Hari itu, kami tidak melihat Feri di sekolah. Kami mencarinya tetapi semua temannya bilang
bahwa Feri tidak masuk sekolah. Hal itu sangat mengherankan. Ia sama sekali tidak
memberi ucapan apapun pada Tata padahal ia adalah pacarnya Tata.

Bel istirahat pun berbunyi. Aku segera mengajak Tata, Sally, dan Roy ke kantin.
“Ta, aku mau nanya sesuatu sama kamu. Tapi kamu jangan marah yah..” kataku dengan
nada yang pelan.
“Emangnya mau nanya apa sih ? udah tanya aja aku nggak bakal marah kamu lagi kok..”

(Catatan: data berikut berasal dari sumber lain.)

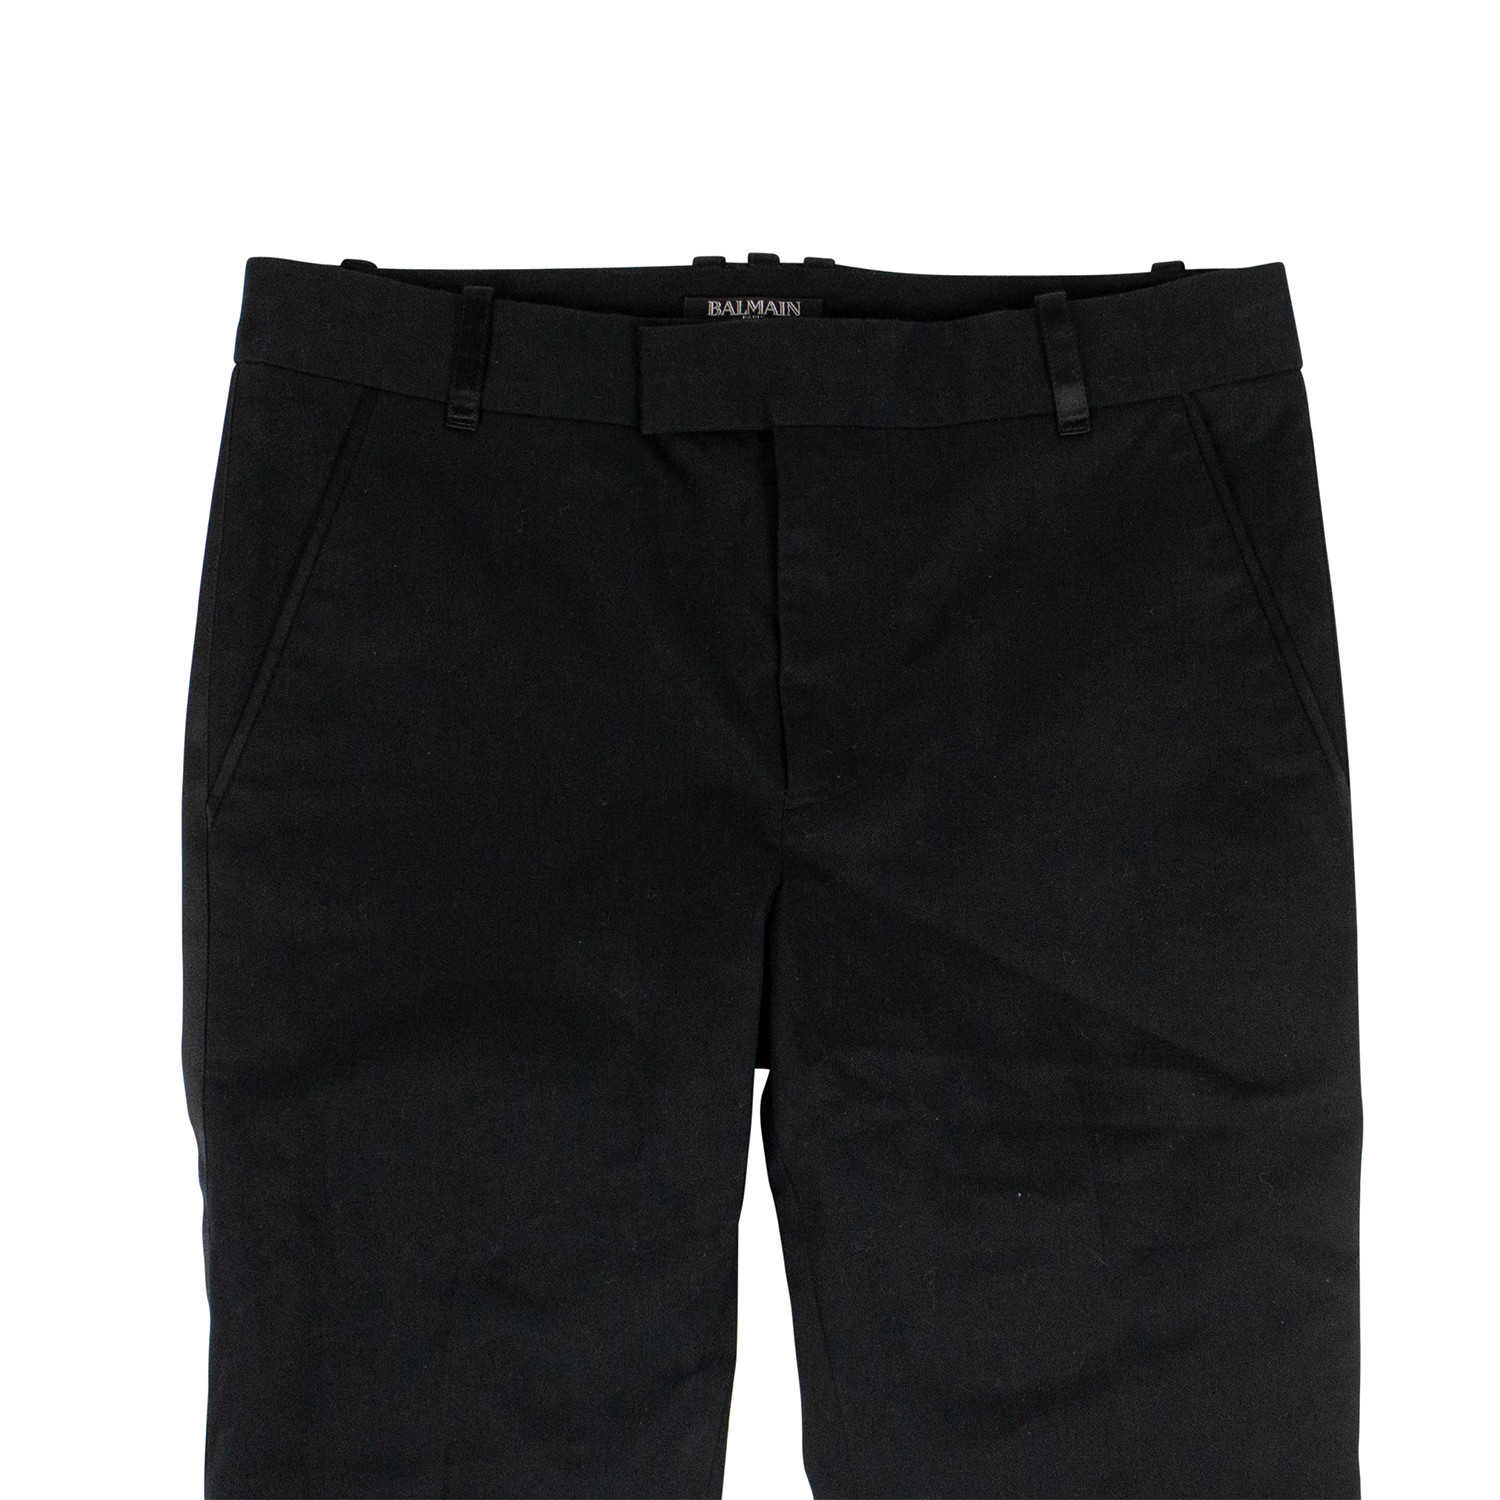 Balmain Paris // Tuxedo Trousers Pants // Black (28) - Designer ...

“Hmm.. sebenarnya aku lagi bingung nih.. dari pagi aku belum melihat Feri padahal dia kan
pacar kamu. Kamu tau nggak dia ada dimana ?”
“Ohh sebenarnya aku sama Feri sudah putus”. Jawabnya dengan nada yang santai.
Aku hanya terdiam. Aku tidak bisa bertanya kenapa alasannya karena aku nggak mau ikut
campur lagi urusan mereka berdua.

Sesudah Tata putus sama Feri, persahabatan kami terus berlanjut. Aku sama Roy masih
berpacaran, Sally juga masih berpacaran dengan kakak ketua Osis, sedangkan Tata yang
sudah jomblo. Akhirnya perlombaan mencari pacar dimenangkan oleh aku. Tata segera
menepati janjinya dengan membeli barang-barang yang aku suka. Setiap hari, kami selalu
bersama, mengobrol bersama, canda dan tawa pun bersama. Kami tidak lagi saling
mementingkan diri sendiri, mementingkan pacar kami dan tidak saling membedakan. Jika
memilih antara sahabat atau cinta yah aku akan memilih sahabat. Karena sahabat yang
setia akan selalu ada bersama dengan kita walaupun masa terpuruk pun.